BYD Chairman Wang Chuanfu has laid down a marker: his company will be the world’s largest automaker within five years. For context, BYD sold roughly 4.3 million passenger vehicles in 2024. Toyota, the current title holder, moved about 10 million. That’s a gap, but not an insurmountable one for a company whose production has expanded eightfold since 2021.
This isn’t a new ambition for Wang. The goal traces back to at least 2010, when his initial roadmap called for BYD to become China’s top producer by 2015. That specific timeline slipped, but the company now generates over $110 billion in annual revenue and employs a workforce projected to reach approximately 970,000 by 2025.
The numbers behind the ambition
BYD already holds one crown. It surpassed Tesla as the world’s largest electric vehicle maker in 2024, selling around 1.8 million fully electric units. That figure doesn’t include its plug-in hybrids, which push total sales to that 4.3 million number.
Since 2022, BYD has produced zero gasoline-only internal combustion engine vehicles. Every car rolling off its assembly lines runs on some form of new energy technology, whether that’s a pure battery electric drivetrain or a plug-in hybrid system.
What stands between BYD and the top spot
The math is straightforward but unforgiving. BYD needs to roughly double its annual sales to catch Toyota, and it needs to do so while expanding aggressively into markets outside China.
Tariffs are the obvious hurdle. The US has effectively locked Chinese EVs out of the market with steep import duties, and the European Union has imposed its own countervailing tariffs on Chinese-made electric vehicles. BYD has responded by building factories in Hungary, Brazil, Thailand, and other markets.
Competition from other Chinese automakers also deserves mention. Geely, Chery, and NIO are all pursuing international expansion with varying degrees of aggression.
What this means for investors
BYD’s vertical integration, controlling everything from lithium mining to chip design to final assembly, gives it structural cost advantages that most competitors simply cannot replicate in the near term.

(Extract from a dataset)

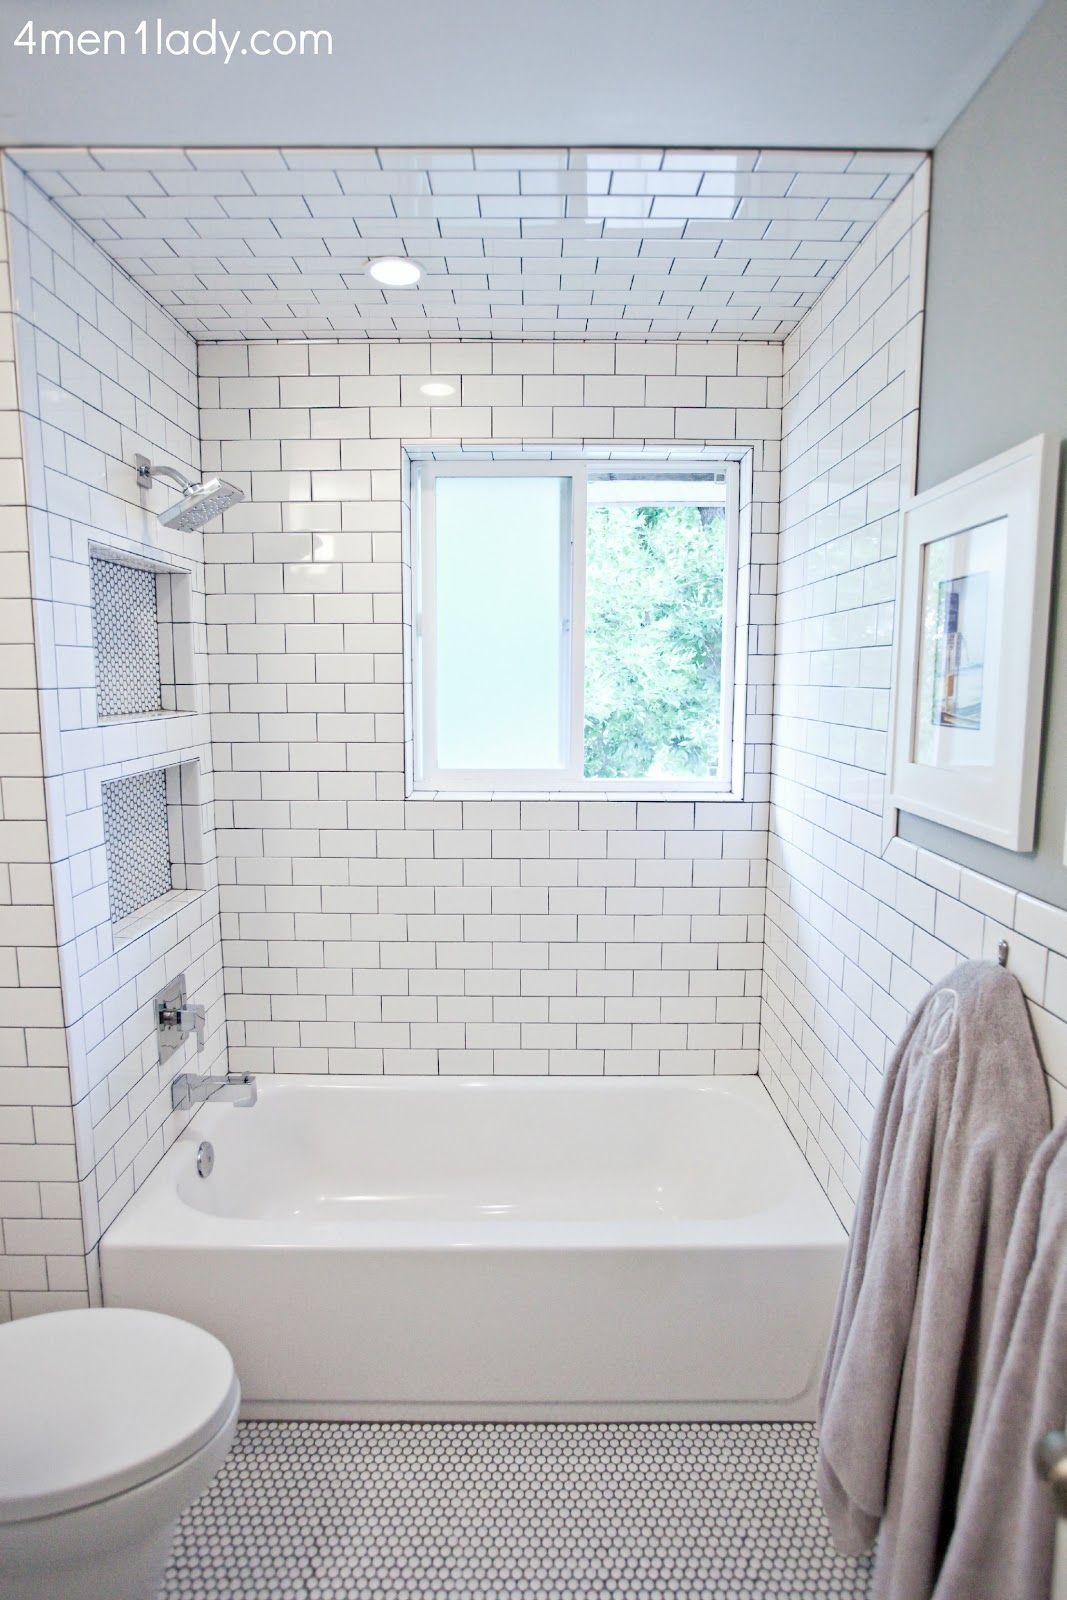 Niches in bathroom walls - Bathroom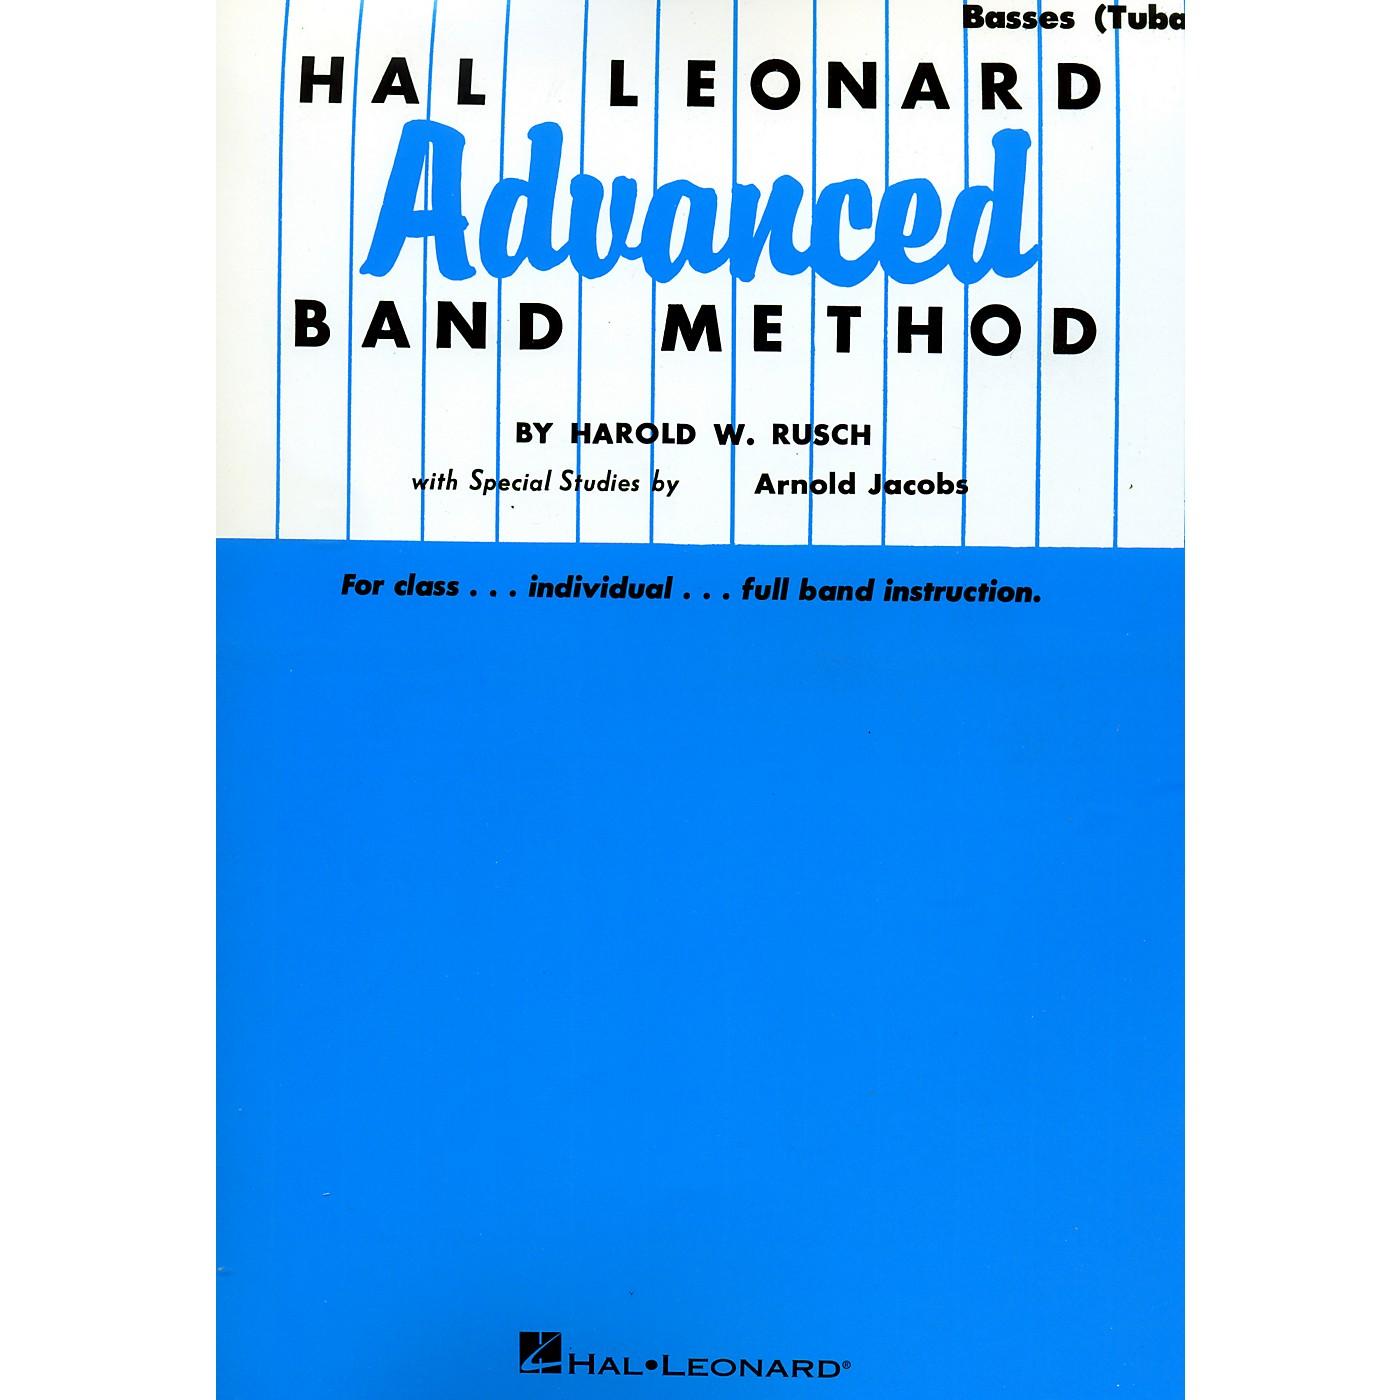 Hal Leonard Advanced Band Method - Basses (Tuba) thumbnail

For crypto-adjacent investors, the connection is thin but worth noting. In 2019, a tokenized version of BYD shares (ticker 1211) launched on Ethereum through Currency.com. There have also been isolated instances of USDT being used for vehicle transactions in certain markets. But BYD itself has no meaningful blockchain or digital asset strategy.
Investors watching this space should pay close attention to BYD’s factory buildouts in Europe, Southeast Asia, and Latin America as the real-time scorecard for whether Wang’s five-year vision is on track.